IRVING, Texas — As the lights dim and actors take center stage, you can find theater art teacher Season Mhoon in the middle of her classroom, directing her students to bring out their best performances.  

This is one of Mhoon’s seven class periods at Travis Middle School at Irving ISD. She said she has anywhere between 16 to 32 students per class.  

Once the bell rings and the students leave for the day, Moon is left to process her busy school day by herself. Sometimes she has a little company with a friendly face like Jose Villasenor.  

“It’s amazing and a lot of work. So, I have an aide and three teachers,” Mhoon told Villasenor.  

Villasenor isn’t just some colleague to Moon; he’s been a confidant, friend, and certified counselor, providing the necessary help to teachers at Irving ISD during these trying times.  

“When they see that teachers are struggling and staff are struggling, they know who to call, and they get you guys in to help,” Mhoon said to Villasenor.  

Mhoon is no stranger to adversity. She says she was in the streets of New York City when the World Trade Center was hit on 9/11.  

“I do suffer from PTSD. I am a 9/11 survivor. I was on the grounds when the planes hit,” Mhoon said.  

Mhoon is also one of many teachers at Irving ISD who have felt the weight of the ongoing global pandemic.

“I would not have been able to make it,” she said. “I lost many people.”  

That’s where Villasenor and Irving ISD’s Employee Wellness Services have come into play. Villasenor has a passion for uplifting school employees and teachers and has been leading the charge of E.W.S. since its inception in 2019.  

Even before COVID-19 struck, Villasenor and other administrators saw the need to provide mental health resources to employees like Mhoon.  

“We have amazing teachers, we have amazing employees here, and we want to be able to provide a foundation that will help them remain here,” Villasenor said. The topic of retaining teachers and other school employees is one that is at the topic of school district’s minds across the country.  

Villasenor said that EWS has grown in its staff size, hiring more certified counselors to meet the demand. They’re offering district-wide employees the option of monthly wellness classes, newsletters, or to take advantage of one-on-one sessions like Mhoon. 
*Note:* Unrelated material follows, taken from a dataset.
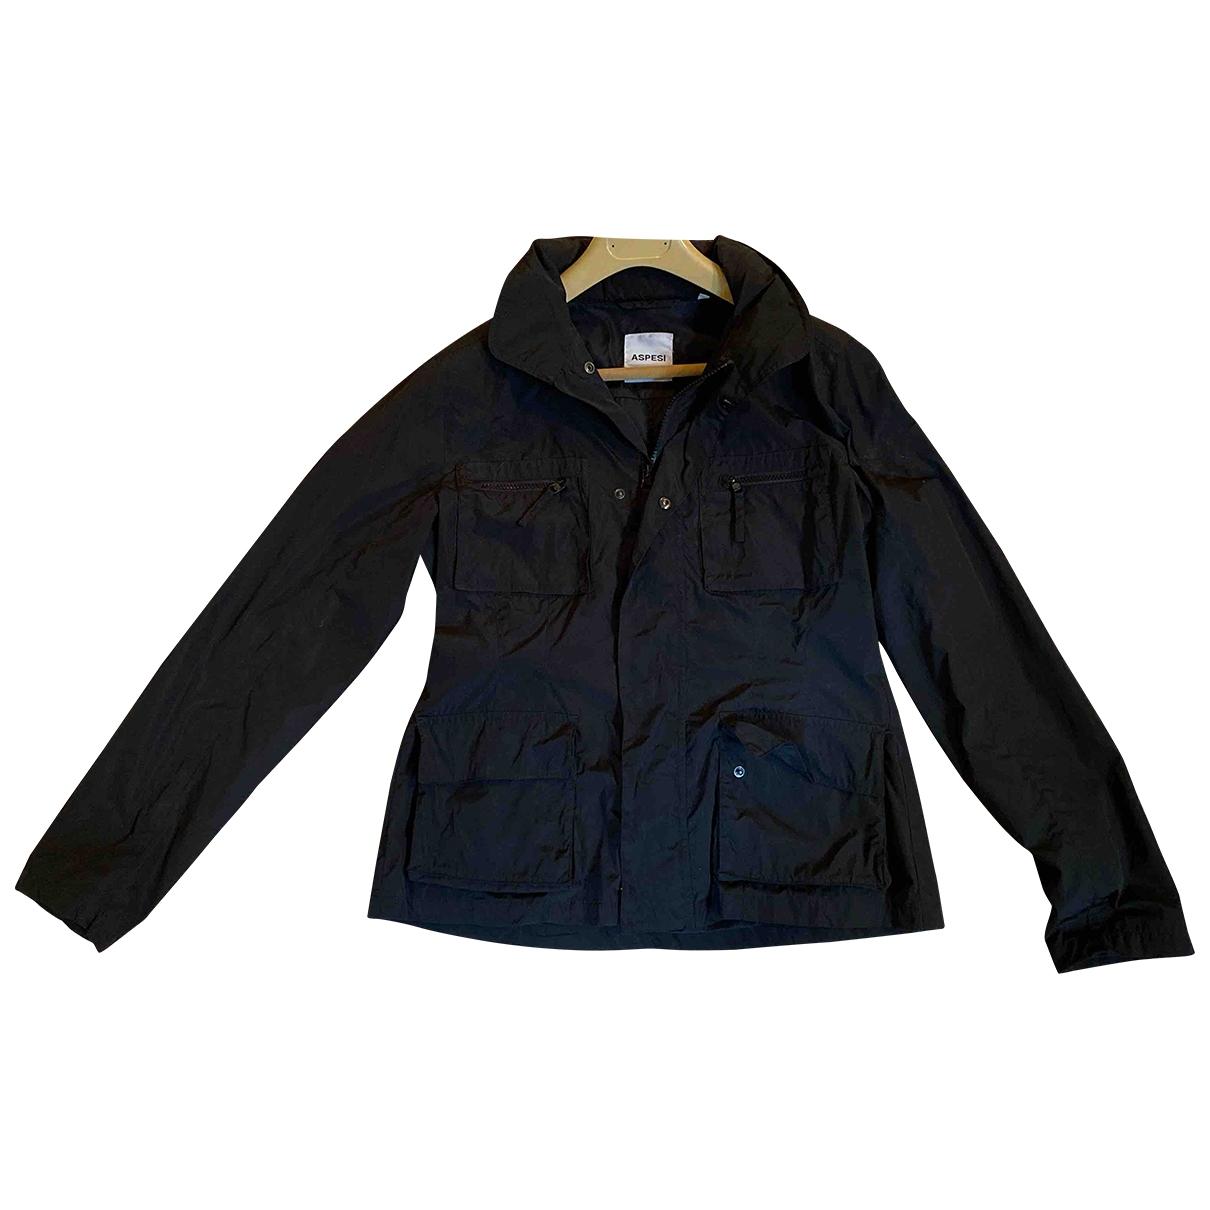 Aspesi \N Black jacket for Women 46 IT
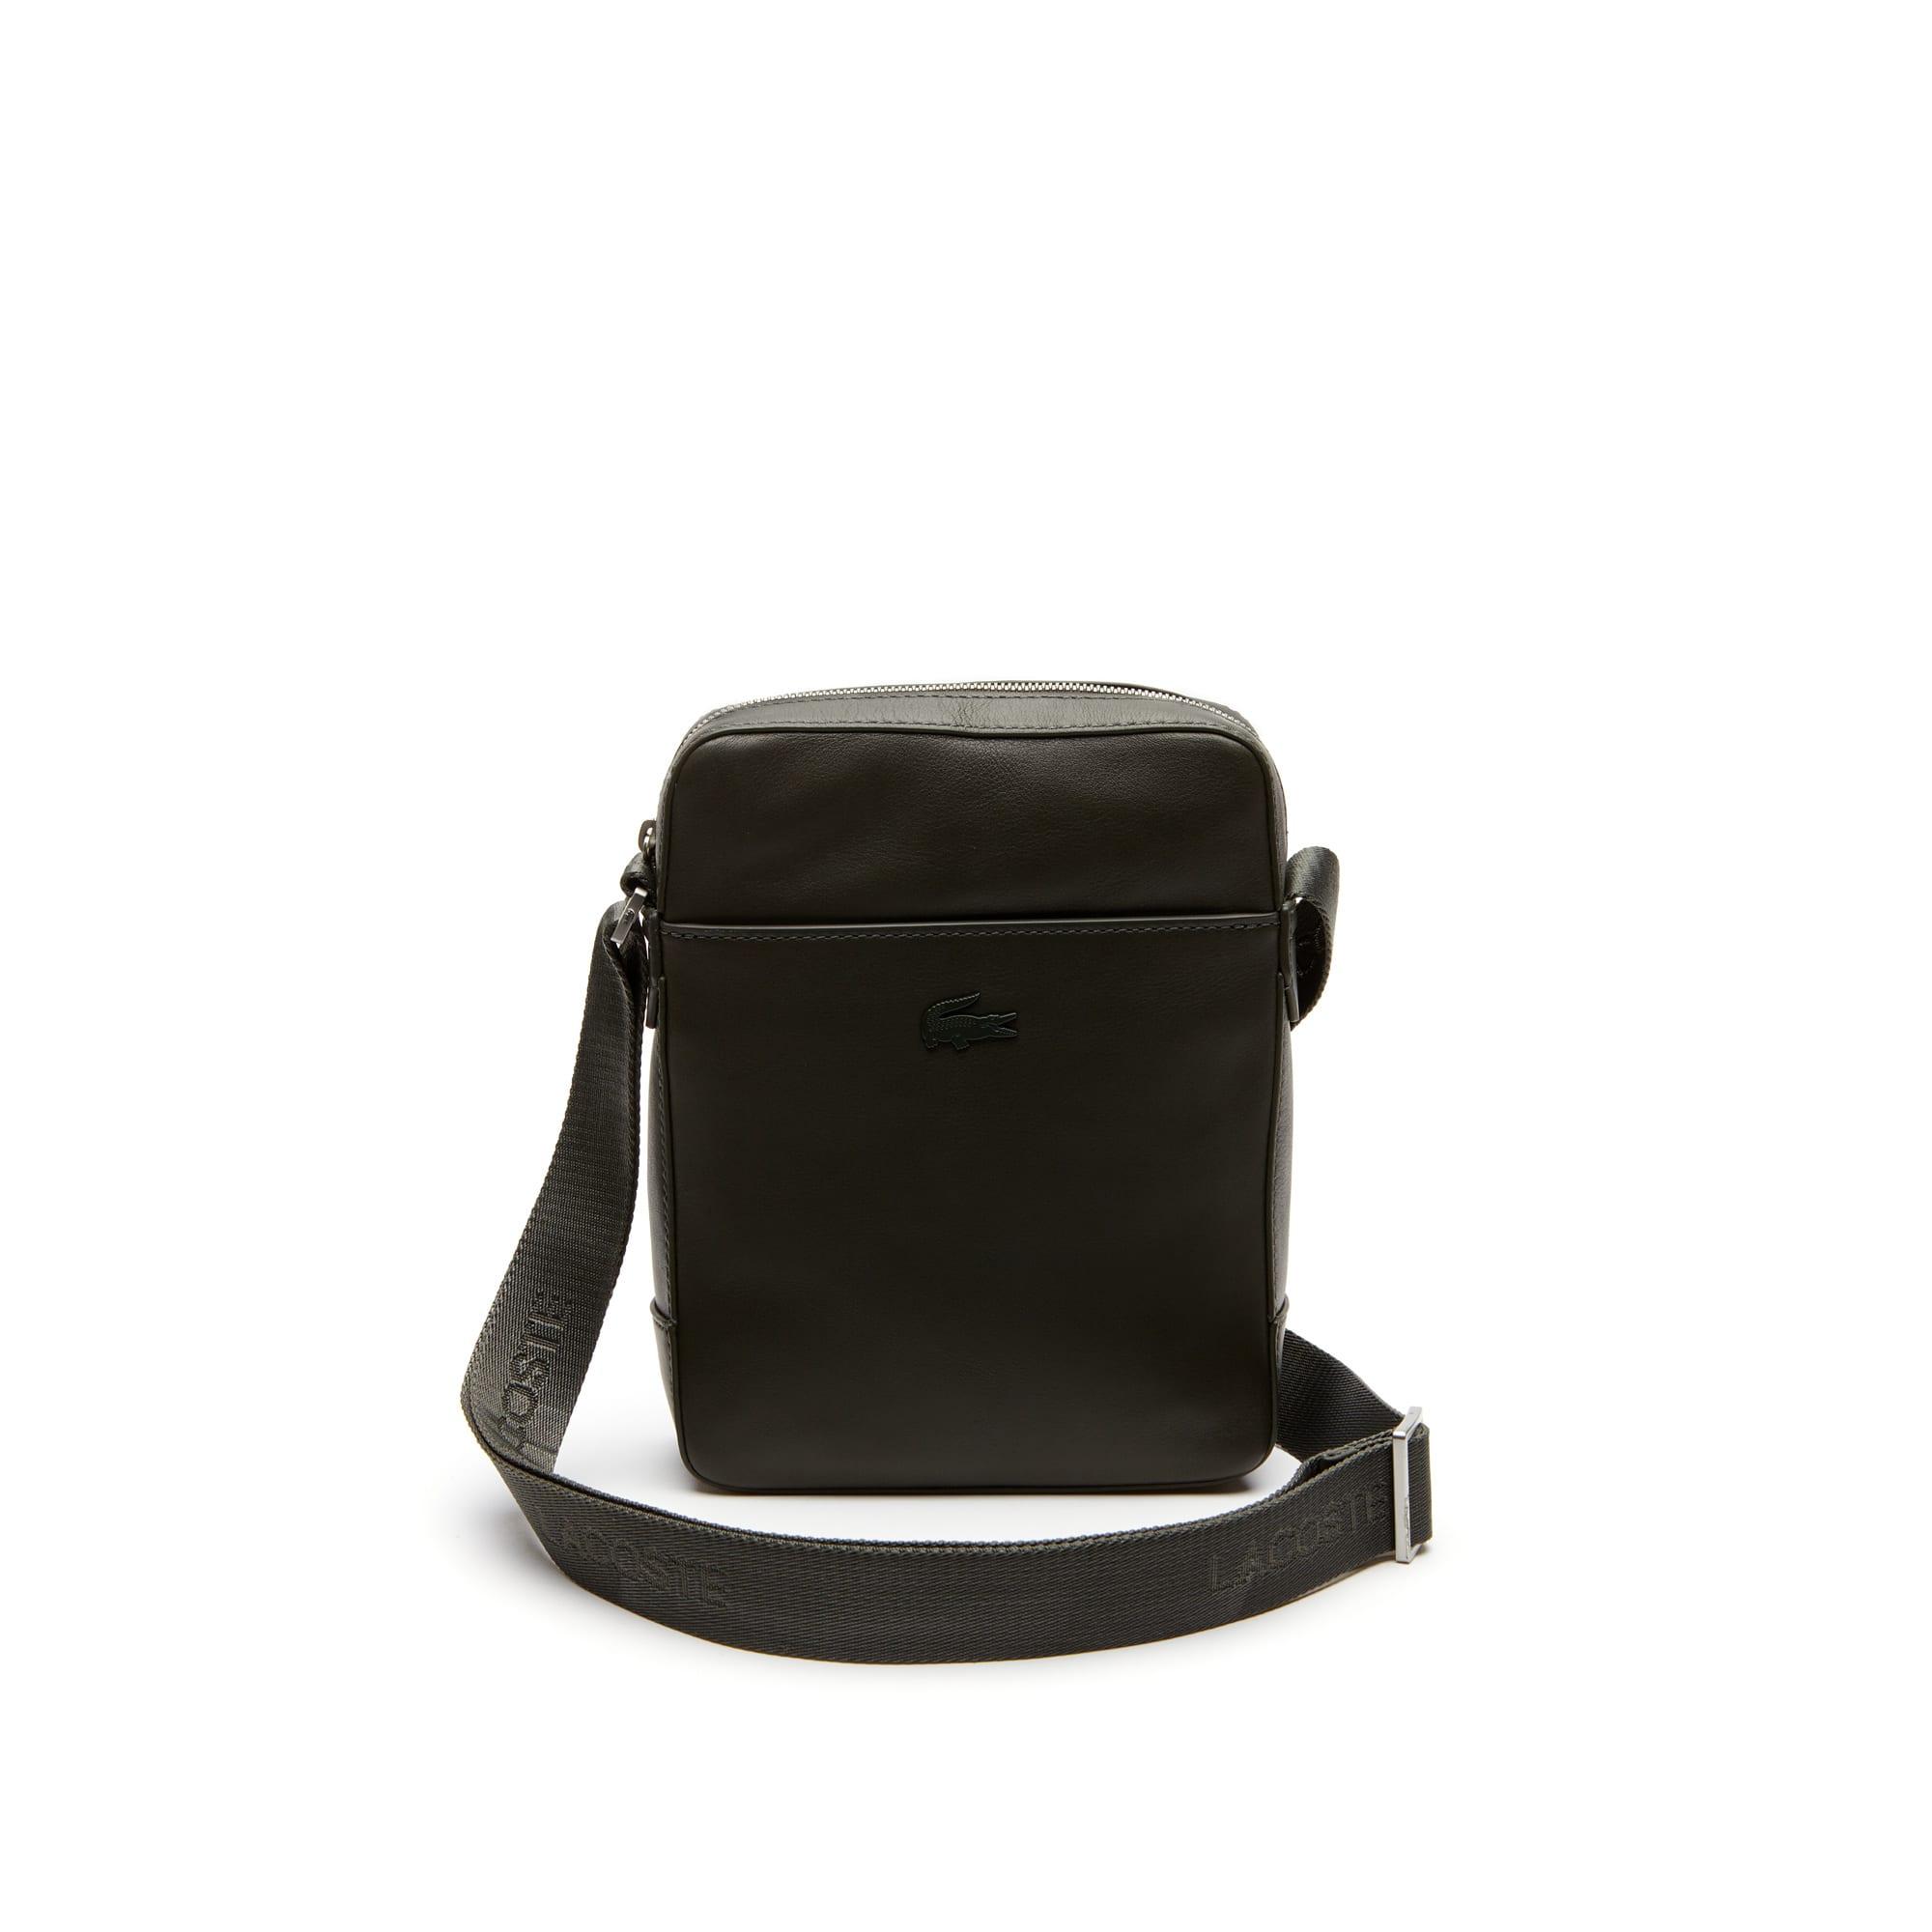 Herren-Tasche FULL ACE aus weichem Leder

At this moment, Mhoon is participating in bi-weekly counseling sessions.  

Before taking up the theater arts teaching job at Travis Middle School, Mhoon was a professional actress in New York City. She moved to North Texas with her husband and joined the school district three years ago. She says the pandemic, loss of friends, and distance from other relatives and loved ones has been tough.  

“I’ve been so supported, so supported, and I thank you. Thank you, Jose. Love you to the moon and back, haha,” Mhoon expressed to Villasenor while they caught up in her classroom.  

Villasenor says Irving ISD will continue to invest in EWS to ensure teachers and other employees are able to work with some more peace of mind.